- DATA SECTION:
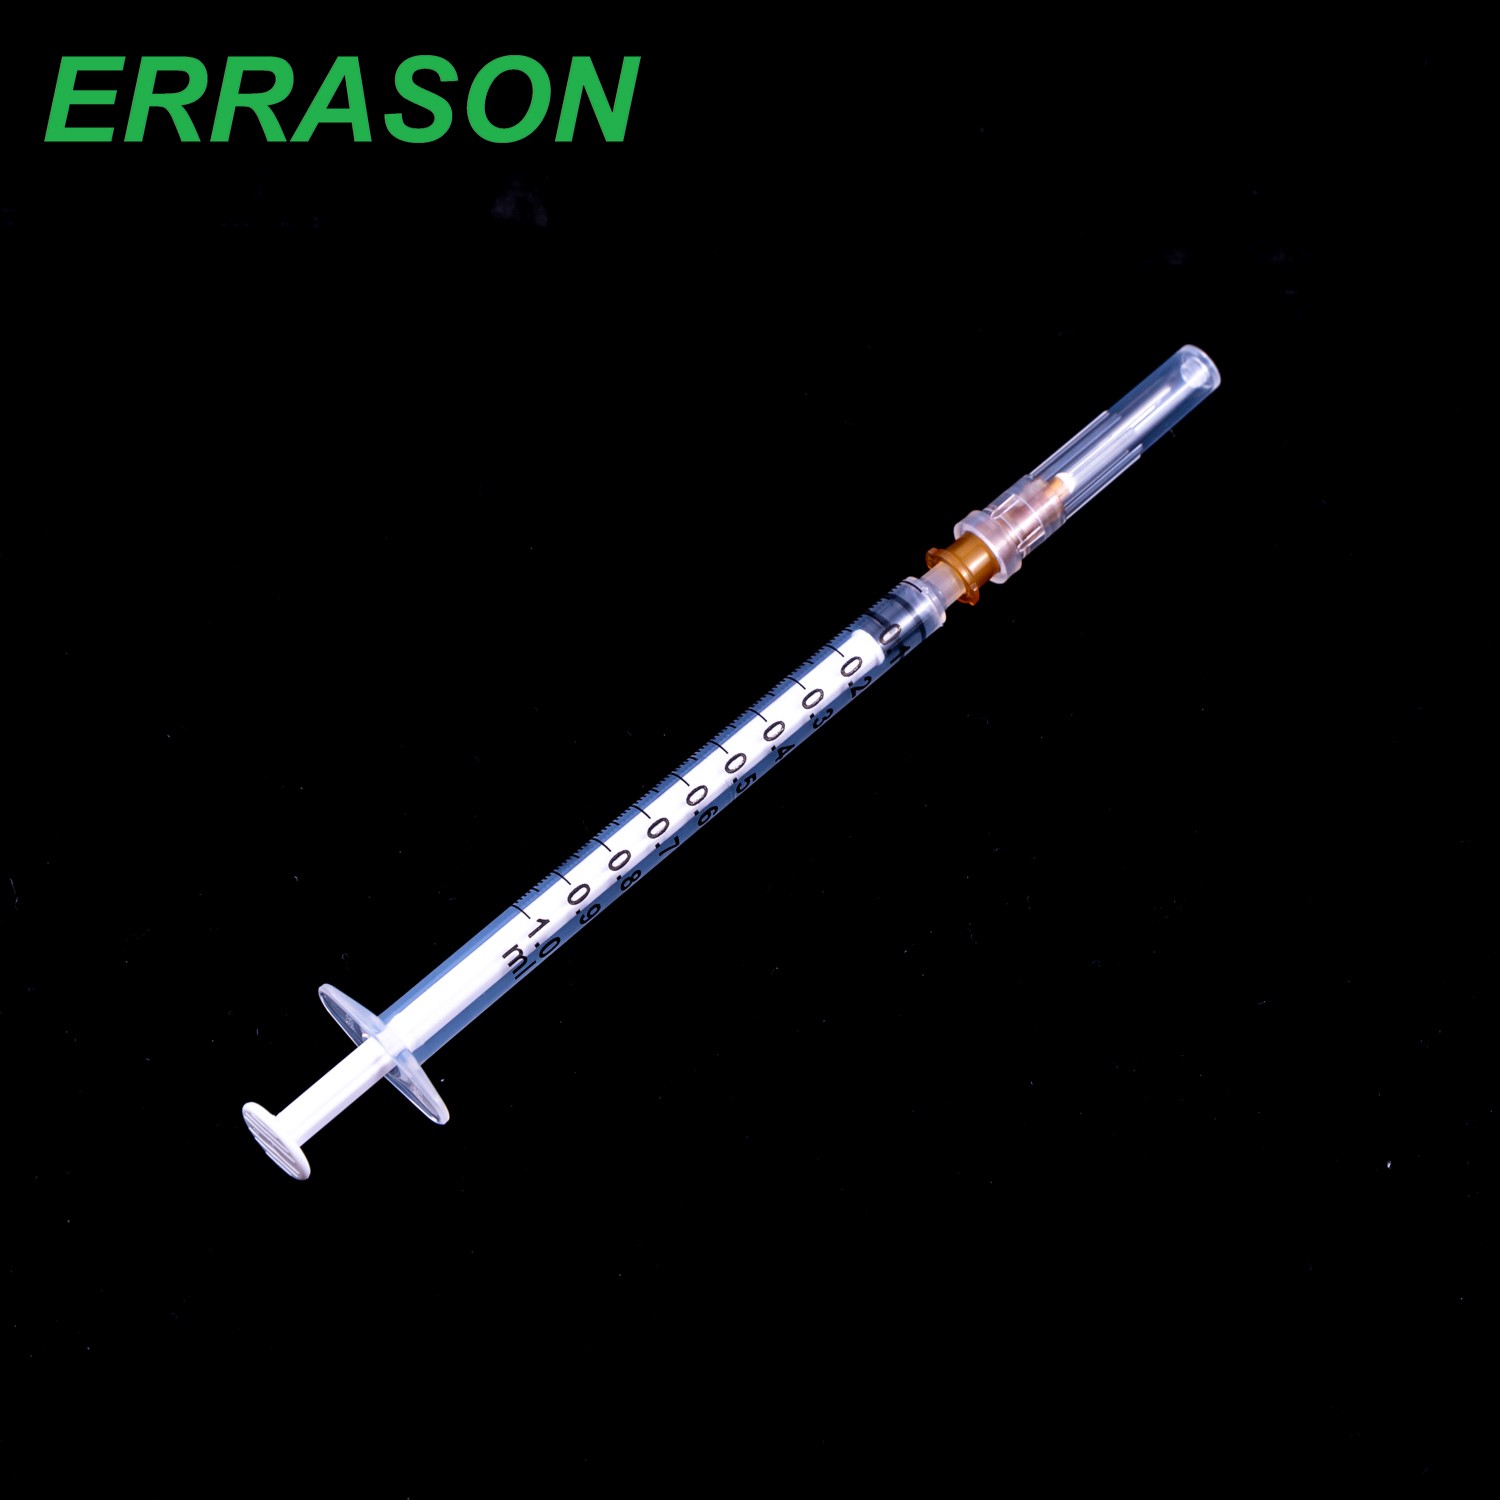 Disposable sterile insulin syringe
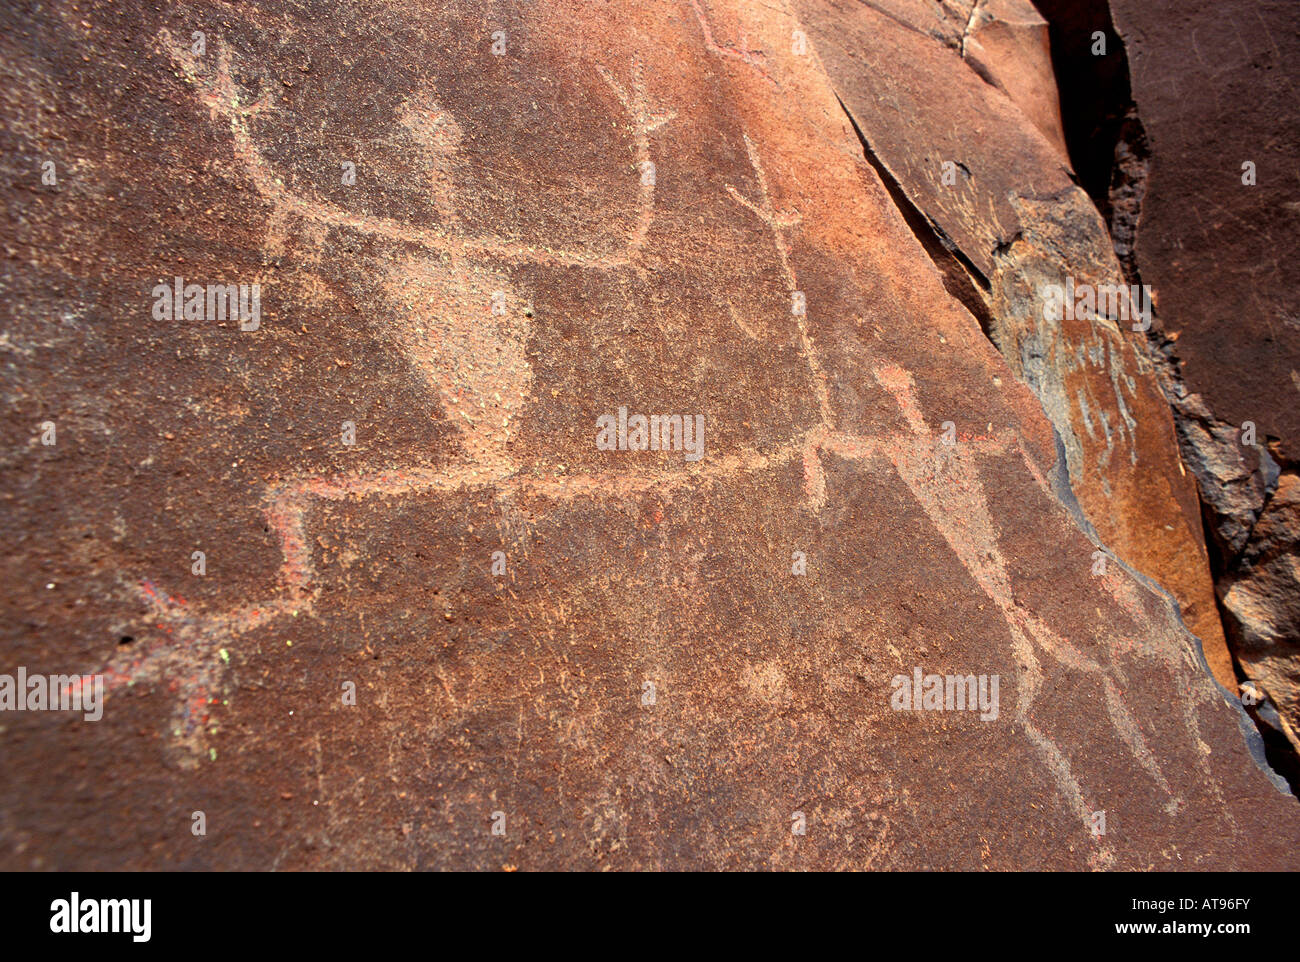 Well preserved Native Hawaiian petroglyphs on a rock face in Olowalu, Maui. Stock Photo
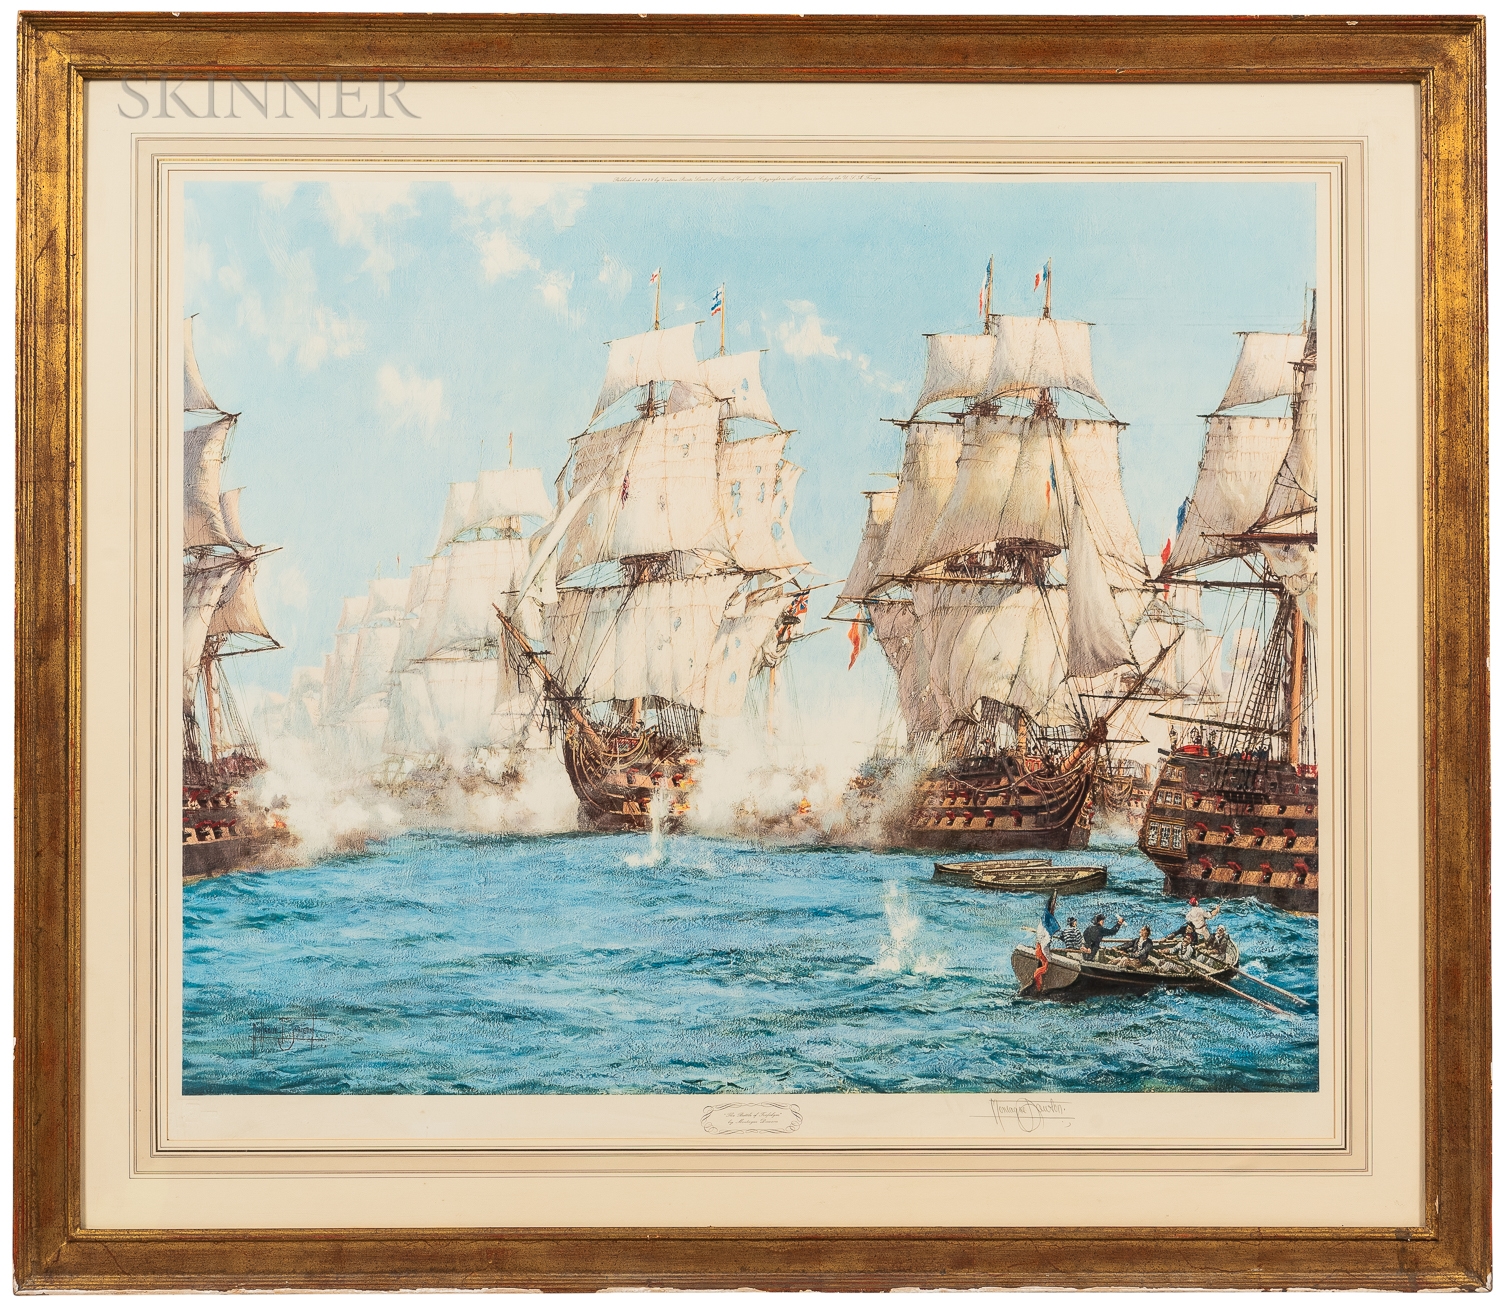 Sold at Auction: Montague Dawson, Montague Dawson, (British, 1890-1973),  The Rising Wind, color lithograph, 36 x 24
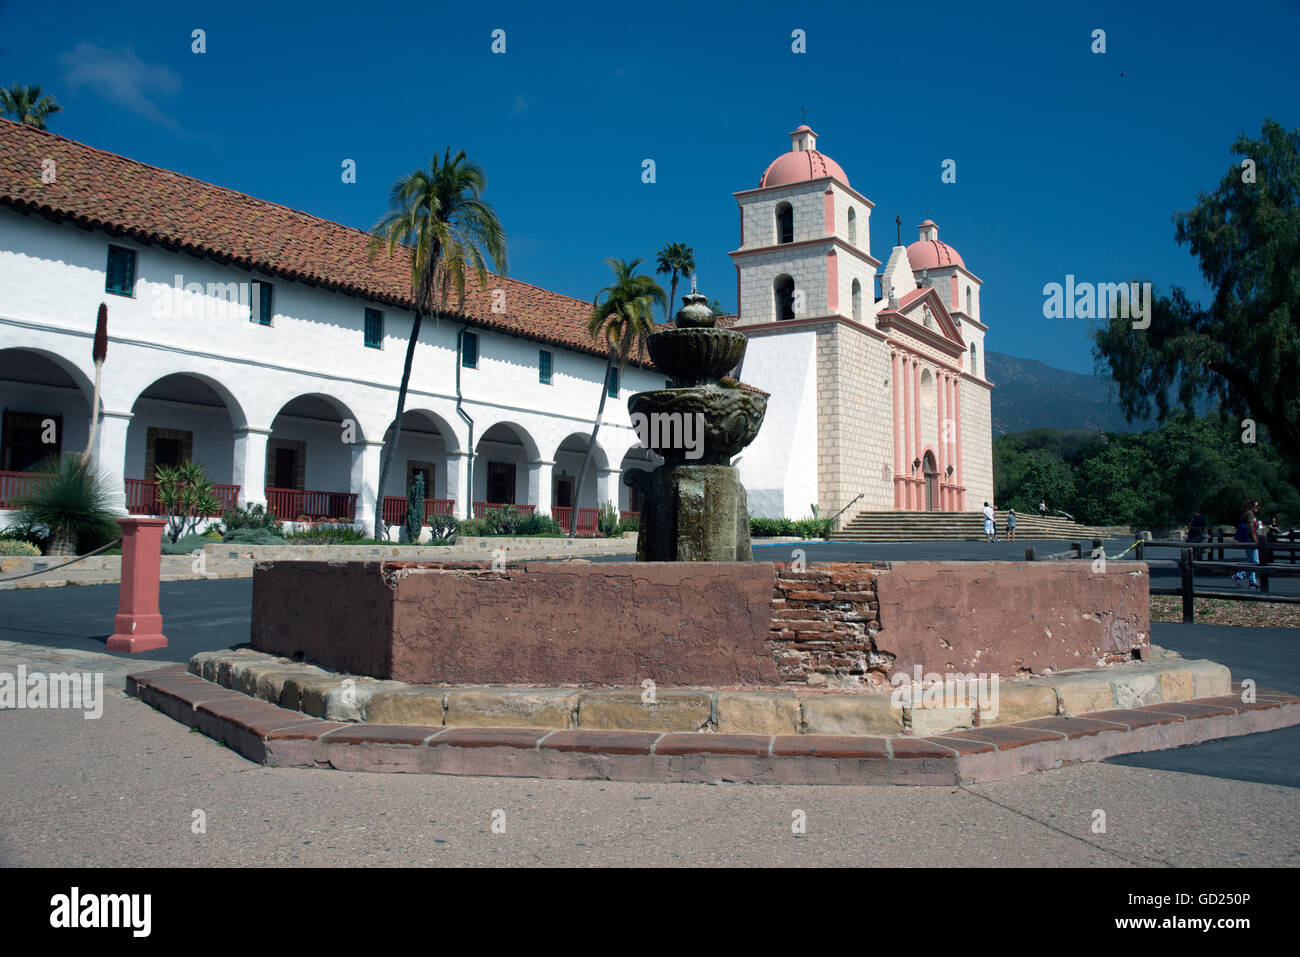 Mission Santa Barbara, gegründet 1786, Santa Barbara, California, Vereinigte Staaten von Amerika, Nordamerika Stockfoto

- TO DO: Skip all pictures. Then give again, exactly, each line from the line holding "Well preserved Native" through the last line of the listing above, both ends included.

- EXPECTED ANSWER:
 Well preserved Native Hawaiian petroglyphs on a rock face in Olowalu, Maui. Stock Photo
 Sold at Auction: Montague Dawson, Montague Dawson, (British, 1890-1973),  The Rising Wind, color lithograph, 36 x 24
 Mission Santa Barbara, gegründet 1786, Santa Barbara, California, Vereinigte Staaten von Amerika, Nordamerika Stockfoto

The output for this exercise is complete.